Principales aplicaciones del Análisis Financiero:
El propósito esencial del análisis de los estados financieros es, convertir los datos obtenidos de la empresa y transformarlos en información útil para generar estrategias básicas para la toma de decisiones tanto a corto como a largo plazo (Ross, Westerfield, & Jaffe, 2012).
El análisis financiero es una disciplina que proporciona los conceptos y las técnicas necesarias para formular juicios consistentes sobre la salud financiera de la empresa. (Jiménez et al., 2002).
Otros autores argumentan que:
El Análisis Financiero es un diagnóstico integral de la Institución que sirve para evaluar la situación, el desempeño económico y financiero real de la misma, además es una herramienta efectiva para la toma de decisiones, también para comparar sus resultados con los de otras Instituciones del mismo ramo que estén bien gerenciadas y que presenten características similares (Puente et al., 2022).
Esta disciplina implica el empleo de técnicas, métodos y procedimientos especializados para reconocer tendencias y evaluar la rentabilidad, solidez financiera, liquidez y eficiencia operativa de la empresa. Adicionalmente, posibilita la realización de comparaciones con la industria o competidores directos, proporcionando una visión integral y detallada del desempeño financiero (Padilla, 2014).
Según Rodríguez (2012), los enfoques del análisis financiero se aplican principalmente a:
a) Autorización de préstamos
b) Decisiones de invertir en acciones
c) Evaluación interna de la empresa
d) Evaluación de la planeación.
Limitaciones del Análisis Financiero:
En la Revista Equidad y Desarrollo (2004), el editor concluye que el análisis financiero tiene las siguientes limitaciones:
- Es un análisis estático, pues no tiene en cuenta la variable tiempo. Los movimientos históricos de las cuentas que conforman los activos y pasivos corrientes, así como la estimación de su comportamiento en el futuro inmediato, están fuera del alcance del análisis tradicional.

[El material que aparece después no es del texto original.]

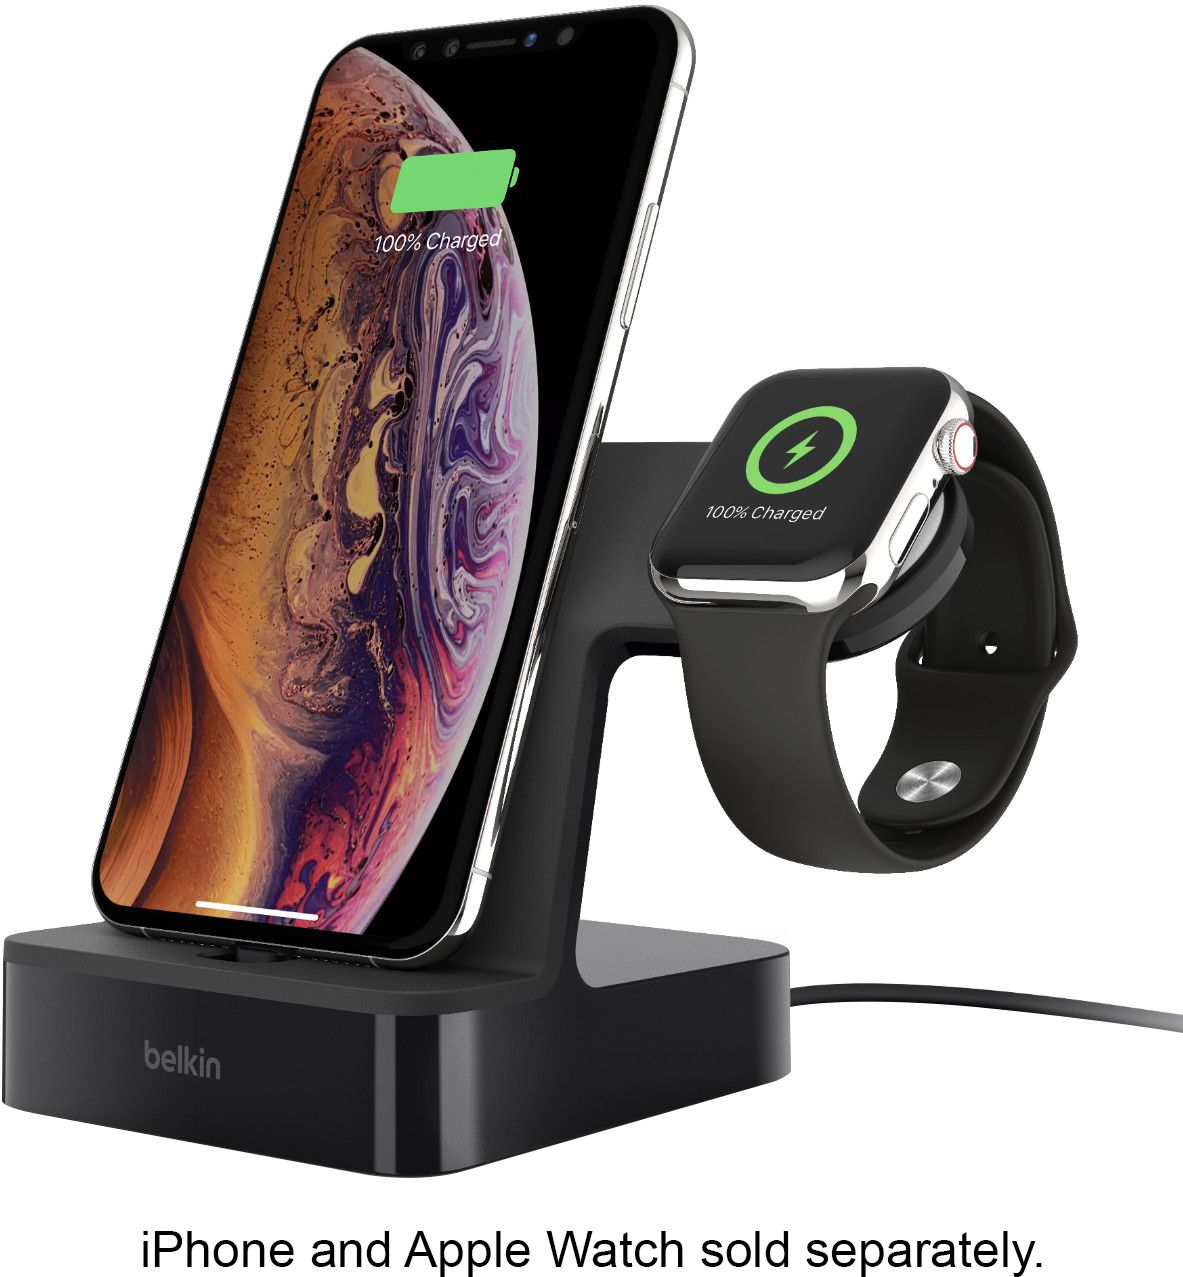 Iphone 11 Wireless Charger - Best Buy

- Los activos y pasivos circulantes pueden cambiar drásticamente en el inmediato futuro; como las cifras estudiadas corresponden a las registradas a la fecha de corte, no son una guía adecuada para estudiar el futuro.
- La utilización de indicadores de liquidez constituye un estudio parcial de la real capacidad de la empresa de atender sus obligaciones corrientes; el analista no puede ser concluyente al utilizar sólo los indicadores de liquidez normalmente conocidos.

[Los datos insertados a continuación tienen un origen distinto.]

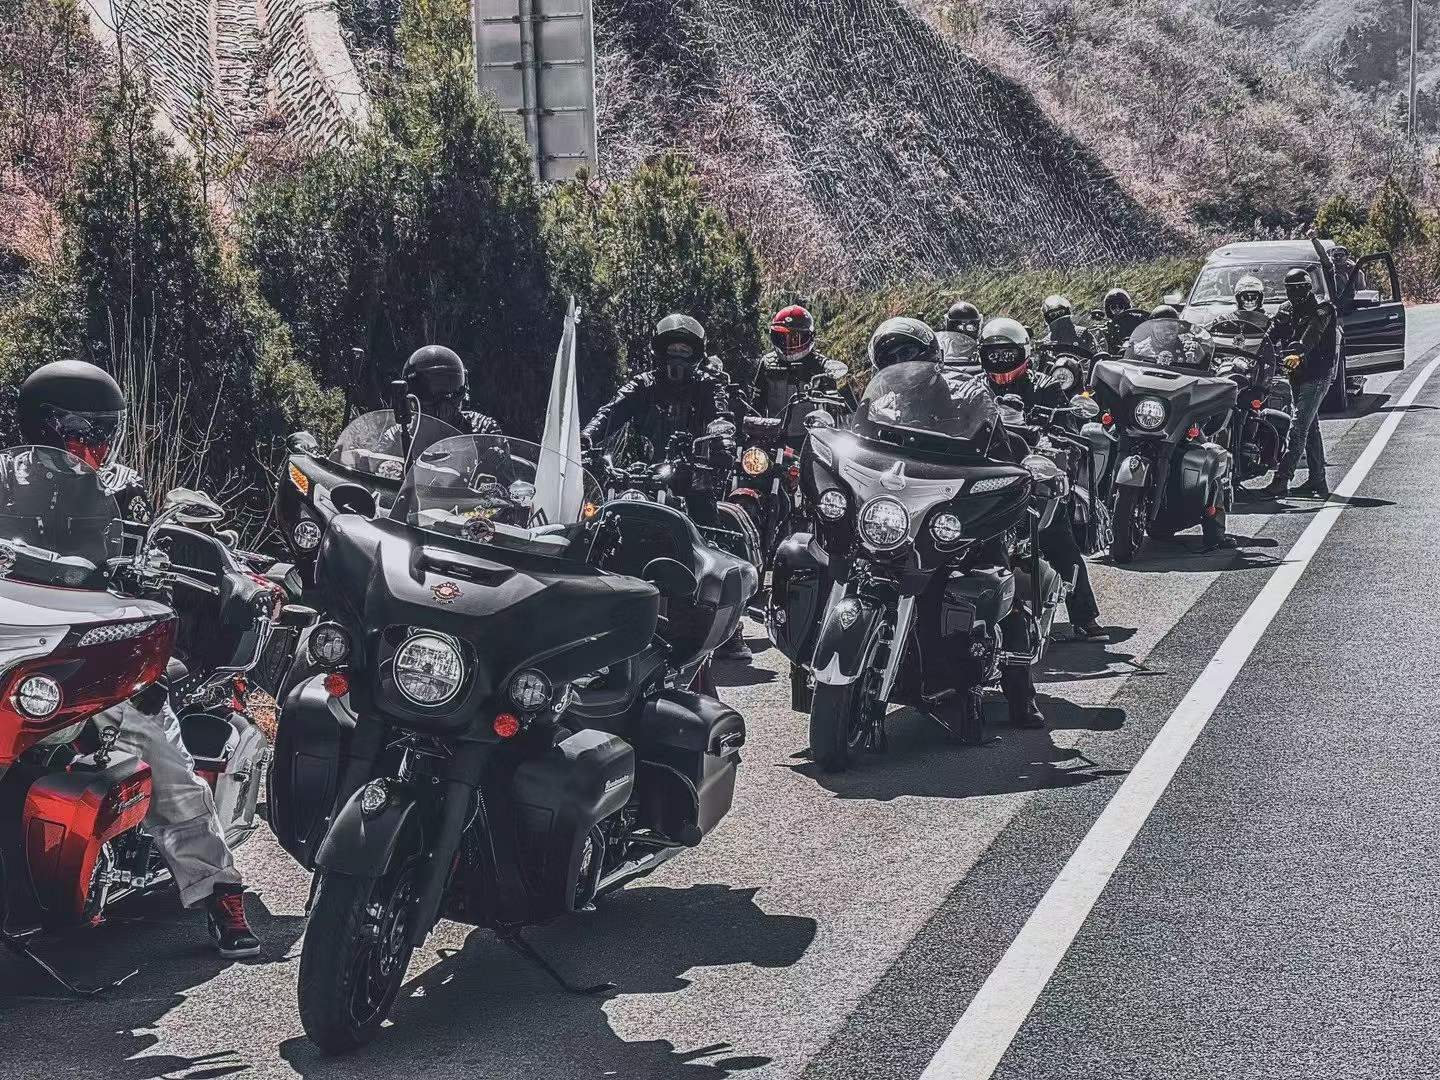 Riding for a Cause: The Heartfelt Tale of Motorcycle Clubs and Charity

- No todos los activos corrientes pueden transformarse en dinero y aquellos susceptibles de convertirse en dinero, demandan un cierto tiempo, la asunción de un costo y trámites antes de su conversión. No todos los activos corrientes son igualmente líquidos y ello debe tenerse en cuenta en el análisis correspondiente.
- Las empresas usualmente invierten cuantiosos recursos en activos corrientes, por lo que resulta sensato reconocer que los fondos invertidos en capital de trabajo ameritan estudios y evaluaciones realizados de una manera profunda y sistemática más allá del simple análisis de las razones de liquidez.
Referencias bibliográficas:
Ross, S., Westerfield, R., & Jaffe, J. (2012). Finanzas Corporativas. (9na. Ed). México: McGraw-Hill.
Puente, M., Carrillo, J., Calero, E., & Gavilánez, O. (2022). Fundamentos de Gestión Financiera. GCPI UNACH. https://doi.org/https://doi.org/10.37135/u.editorial.05.70
Córdova, M. (2014). Análisis financiero. (1ra ed). Colombia: Ecoe Ediciones
Rodríguez, L. (2012), Análisis de Estados Financieros - Un enfoque en la toma de decisiones, México, Mc Graw Hill
Suarez, L. (2004). Las limitaciones del análisis financiero tradicional de la liquidez. Revista Equidad y Desarrollo, No. 2
Jiménez, S., García-Ayuso, M., & Sierra, G. (2002). Análisis financiero (2da ed.). España: Ediciones Pirámide.